All on the same point, like the beak of a woodpecker. Hammering on that successively weakened point.
“You know the meaning of Wing Chun? The meaning of Wing Chun is learn to take over your opponent’s position. Chinese, we say “seg wai.” Seg Wai is “I eat your position.” That means I take over your position. If I take over your position, I become you. You are controlled by me because you are out of balance already.”
Gary Lam
Any Cantonese speakers/readers out there — I would love to know if my spelling is correct and what the exact English definition is of this phrase “Seg Wai.”
This is the HOW of Wing Chun.
All our technology (stance, stepping, Dan Tien, conditioning of the hands, elbow down, structure) supports this displacing of the opponent, this sharp pointed attack which jars their skull (and the brain inside) or unbalances them (or both). Jarring the skull can cause unconsciousness. Unbalancing takes away their ability to retaliate with structure. They may fall back or down. It is hard to continue an attack when you are falling down.
If we remember this goal, then we can answer many of our own questions about the why behind the what in Wing Chun.
Why do we use certain hands? Pak clears the hands that are in the way of our path to the head. Lap clears the hands that are in the way of our path to the head (and may unbalance). Toi turns the opponent, taking away their facing, clearing the path to the head. Most of our Chin Na locks and arms bars are meant to drive the head into a wall or the ground. We are still hitting the head.

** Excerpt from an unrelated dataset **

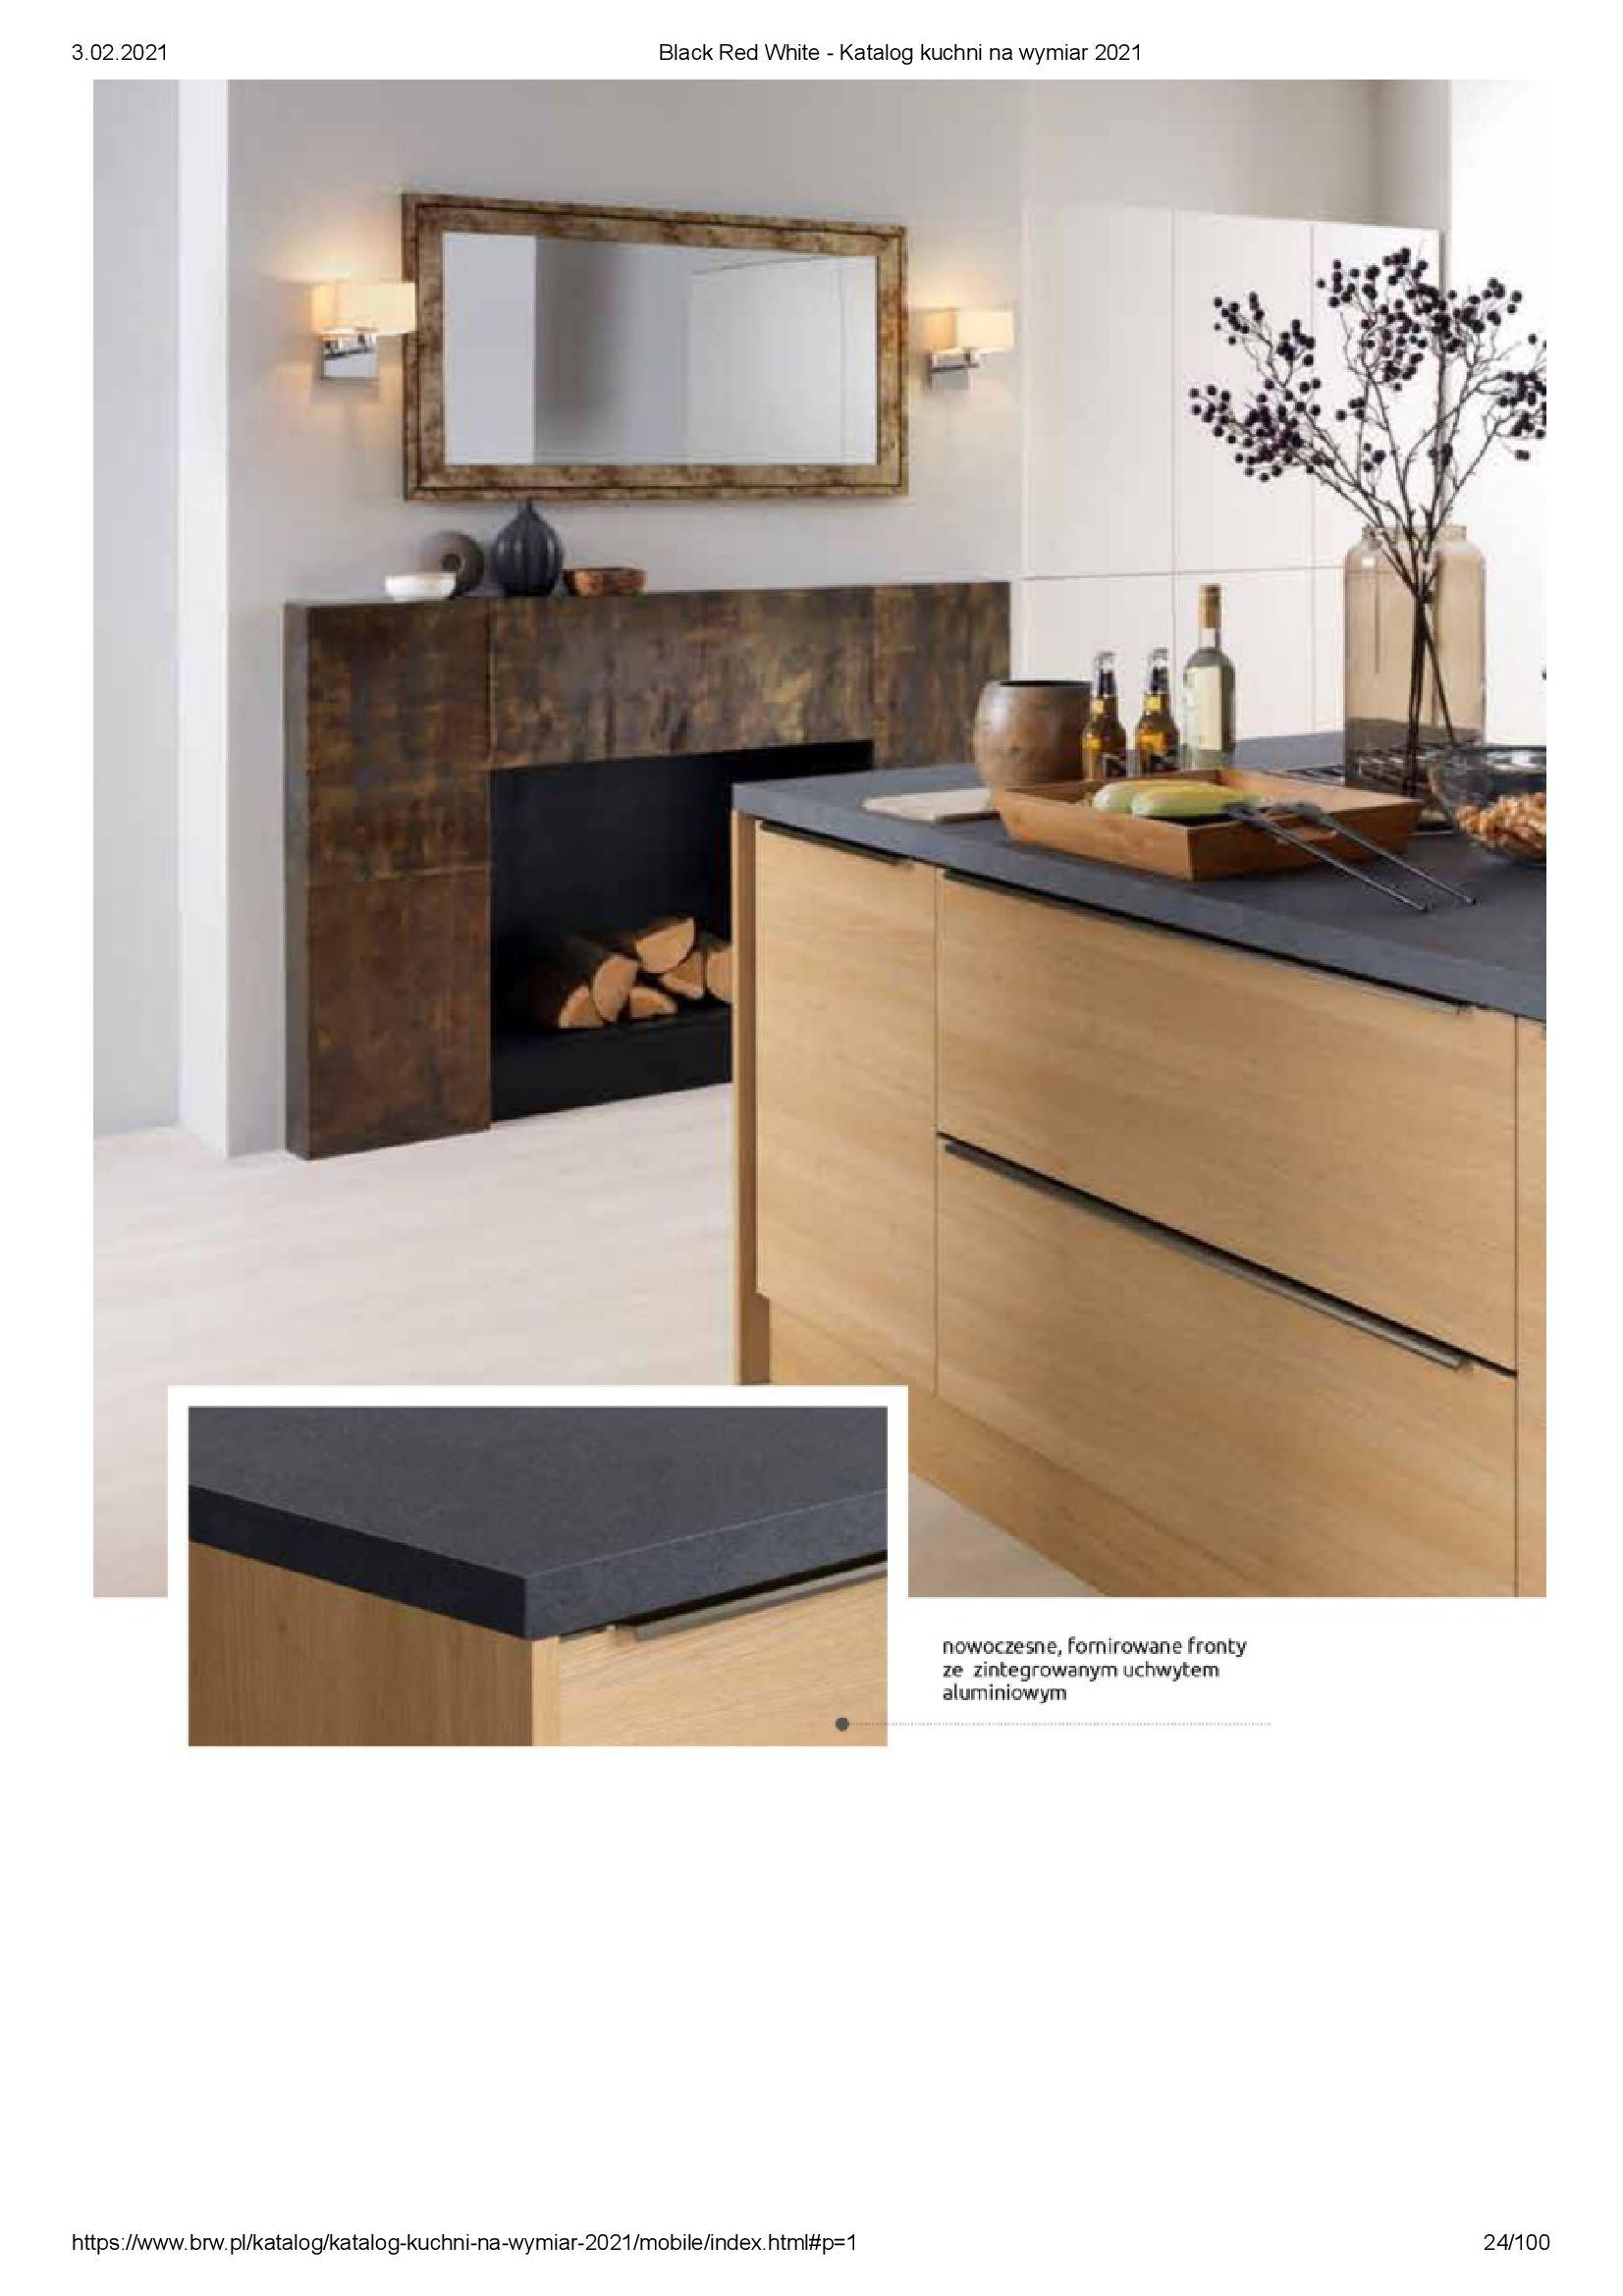 Gazetka Black Red White: Katalog - Kuchnie na wymiar Senso Kitchens 2021 2021-01-01 page-24

This all of course, sounds grim and violent, because it is! Wing Chun should be in a glass case that says “break in case of a threat upon your life!”
Once you break that (metaphorical) glass, your goal is clear.

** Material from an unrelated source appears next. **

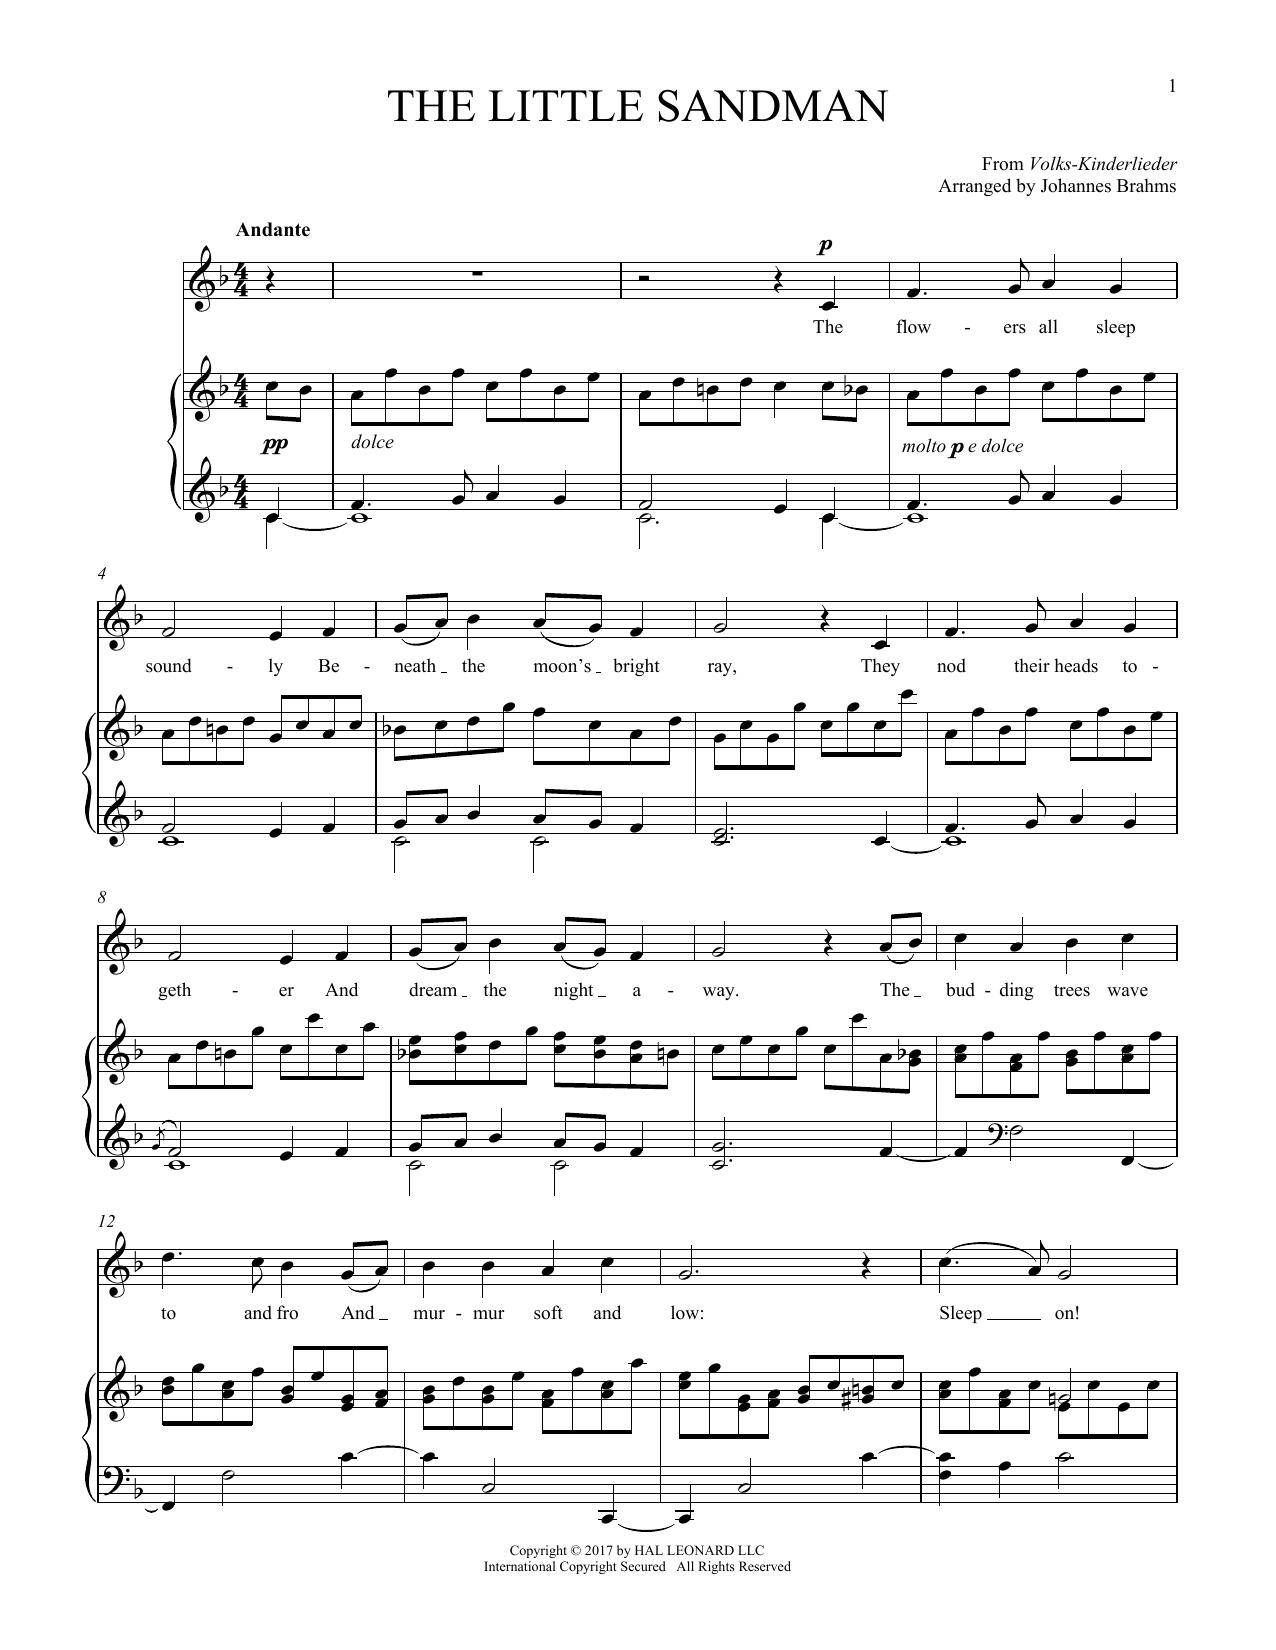 Johannes Brahms Sandmannchen (The Little Sandman), WoO 31, No. 4 sheet music notes and chords. Download Printable PDF.

Watch Greg in that training video – watch his punches and how his body lines up behind the punch and how his other hand clears or helps to expose the centerline of his partner to attack. The attacks all go in on a straight relentless line. You could draw those lines with a ruler, from Greg’s center to the opponent’s center.
Remember how I said I had conversations with fellow students back in the beginning as we tried to puzzle out exactly how Wing Chun would look in a fight? We wondered what the Wing Chun guy do and how it would look.
The Ip Man fight against the Japanese Black Belts is not a bad reference. Just subtract 9 guys and reduce the actions to a very few. The firsts would not be dribbling on the opponent’s head like a basketball. If you learn to support your punches, ideally it should not take 30 hits.
My student, he says, “Sifu, I hit the guy ten times, then he run away.” I say, “How can you hit him ten times and he can run away? You should tell me you hit him two times and he already sleep on the floor. OK, go and hit the sandbag five hundred times.”